Some people have dolls that can be dressed; some persons with dementia like to do puzzles (there are many puzzles that are adapted to Alzheimer’s and dementia); some will respond to a box of tools or a box of kitchen gadgets (for those who loved to cook). And many persons with a dementia love to draw or paint. When I visit the care facility, I am always astounded at the beauty of many of the paintings that are hung in the hallways – the subjects are often simple, but beautifully crafted: a simple maple tree, a vibrant red cardinal or a vase of flowers.
Finding the activity just takes a little detective work on the carer’s part. And sometimes our loved ones will tell us in their own way – my mother spent every day sorting through her dresser drawers, re-arranging things constantly. We learned that it calmed her and we stopped trying to re-order her items.

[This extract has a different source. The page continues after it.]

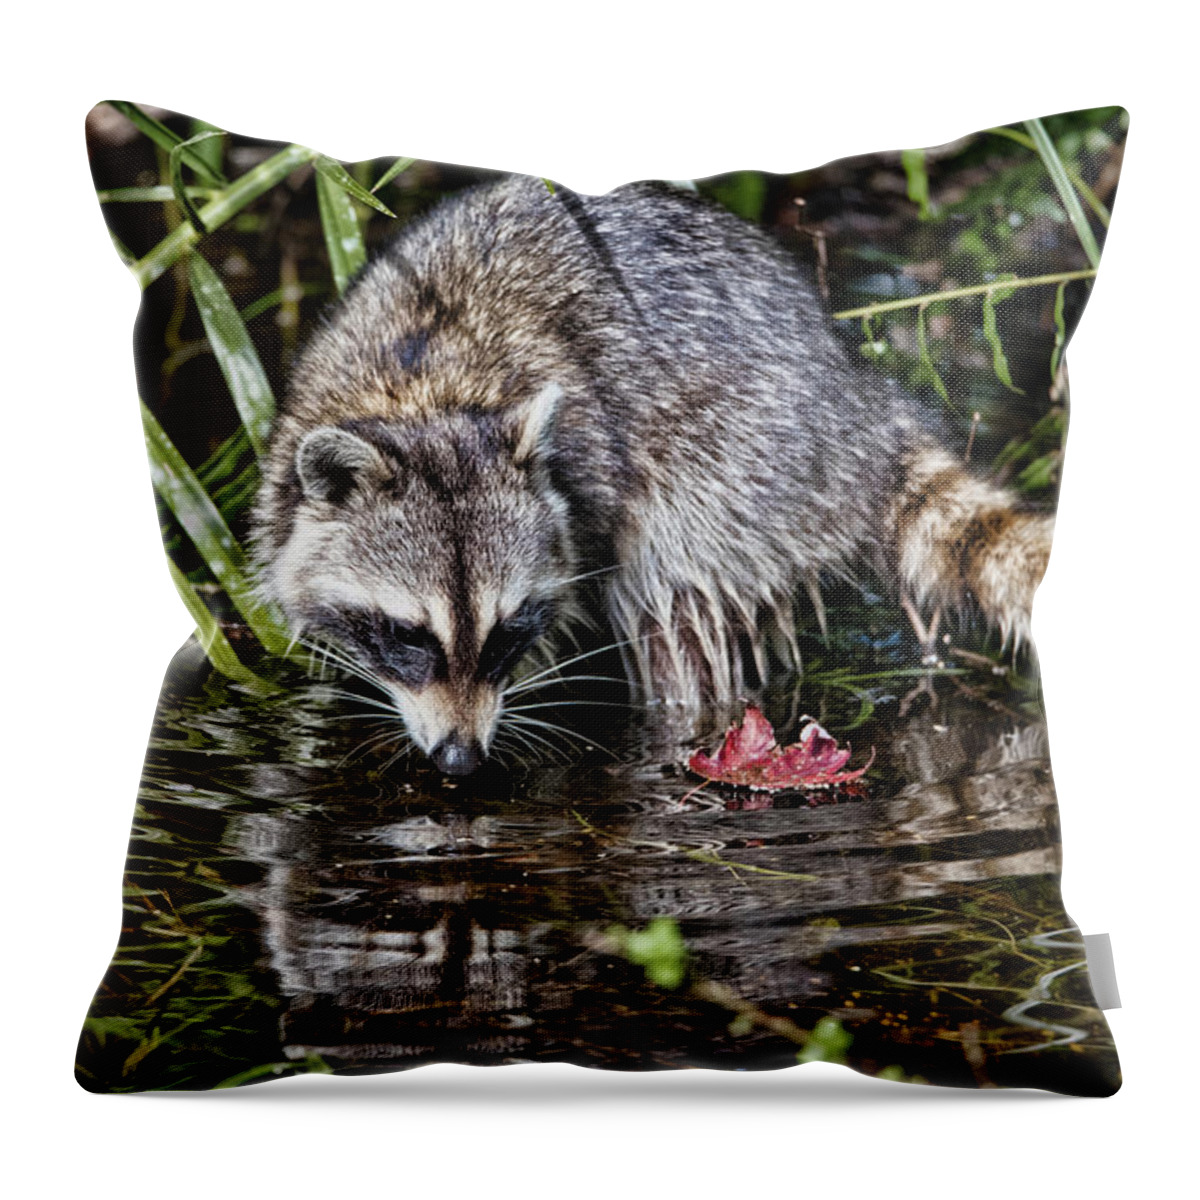 Raccoon Throw Pillow featuring the photograph Raccoon Feeding in Water Beside a Red Leaf by Artful Imagery

Once I found mince tarts in her lingerie drawer and pieces of chocolate – all melted and a complete mess. We learned not to sweat the small stuff and just to remove the mince tarts and chocolate. (Tip: add some small boxes or plastic containers to the drawers so that your loved one can fill them with items of their own choosing.)

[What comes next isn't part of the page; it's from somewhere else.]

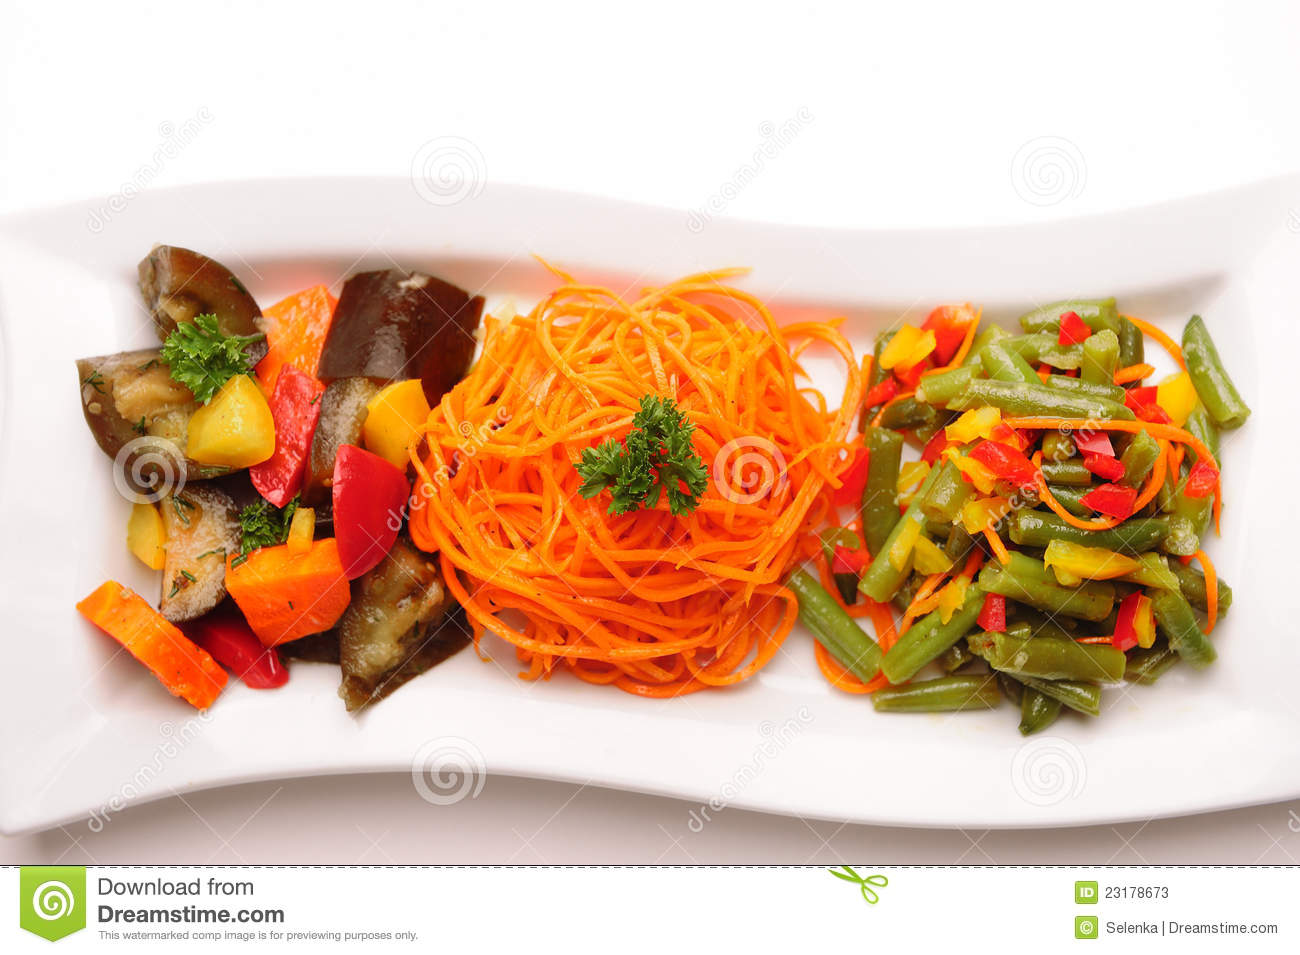 Different Vegetable Salads On A Rectangular Plate On White Background

Lastly, I learned that sitting outdoors in the garden with my mother gave her immense pleasure. We would sit for a couple of hours, listening to the birdsong and watching the birds at the many feeders located in the garden. Squirrels would visit and the occasional rabbit family would grace us with their presence.

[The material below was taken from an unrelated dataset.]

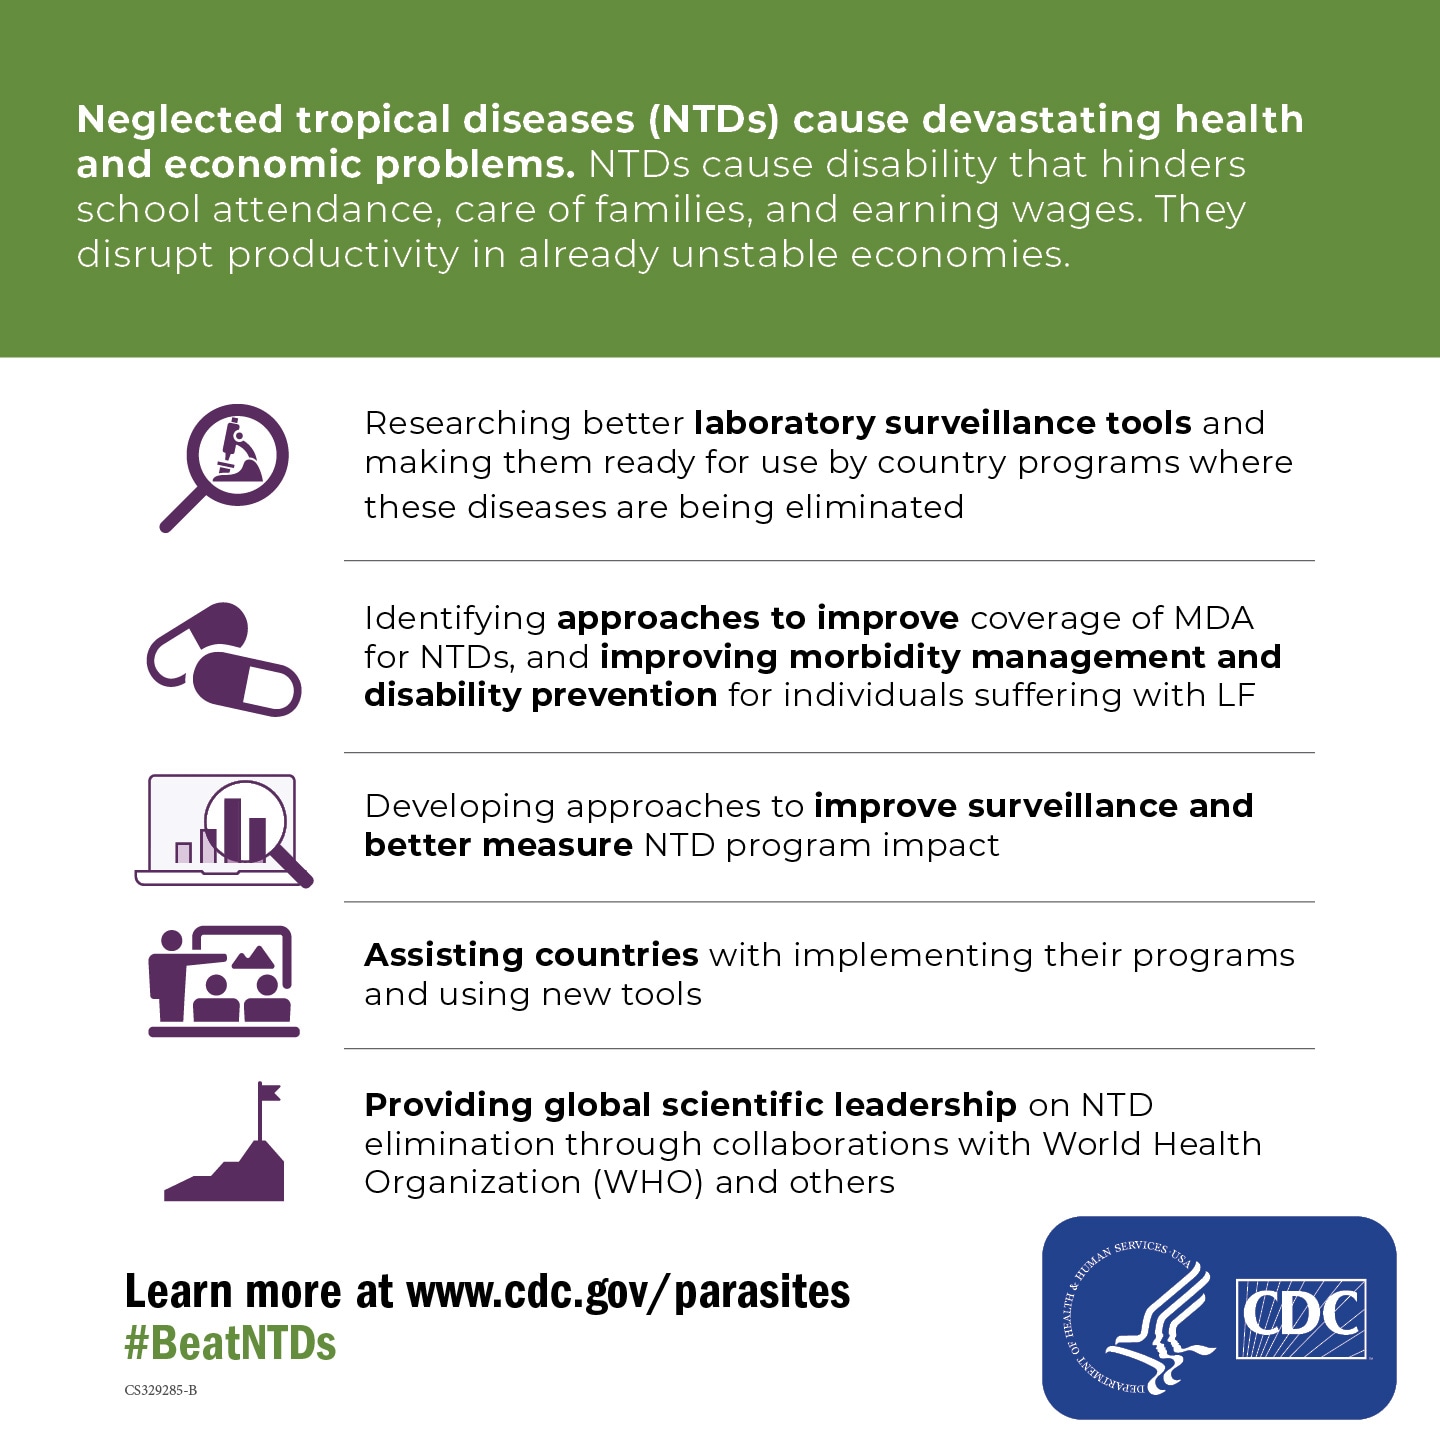 Neglected tropical diseases (NTDs) cause devastating health and economic problems for the world’s poorest people, maintaining a cycle of poverty and disease.

On a few occasions, my mother would comment on a trip that she made when she was a young woman, confusing the present day with her past. Instead of sitting with her daughter in the garden, she was sitting with her friend in the courtyard of the hotel where they stayed. At first I was confused about her stories, but I learned to just go with the flow – and stay in the Now. That is, my Now; not hers. Either her past or my present, we both were content to sit in the garden in stillness and peace.
Those were the happiest times when we just sat in silence and stillness. I would forget that my mother had a dementia and lived in a long-term care facility. I just sat in the moment, enjoying the Now.
It’s really not about the activity or how we spend time with someone, it’s about the loving energy when we sit with them. If we visit with an open heart, and we are willing to leave our egos aside, our visit will matter – to our loved one and to us.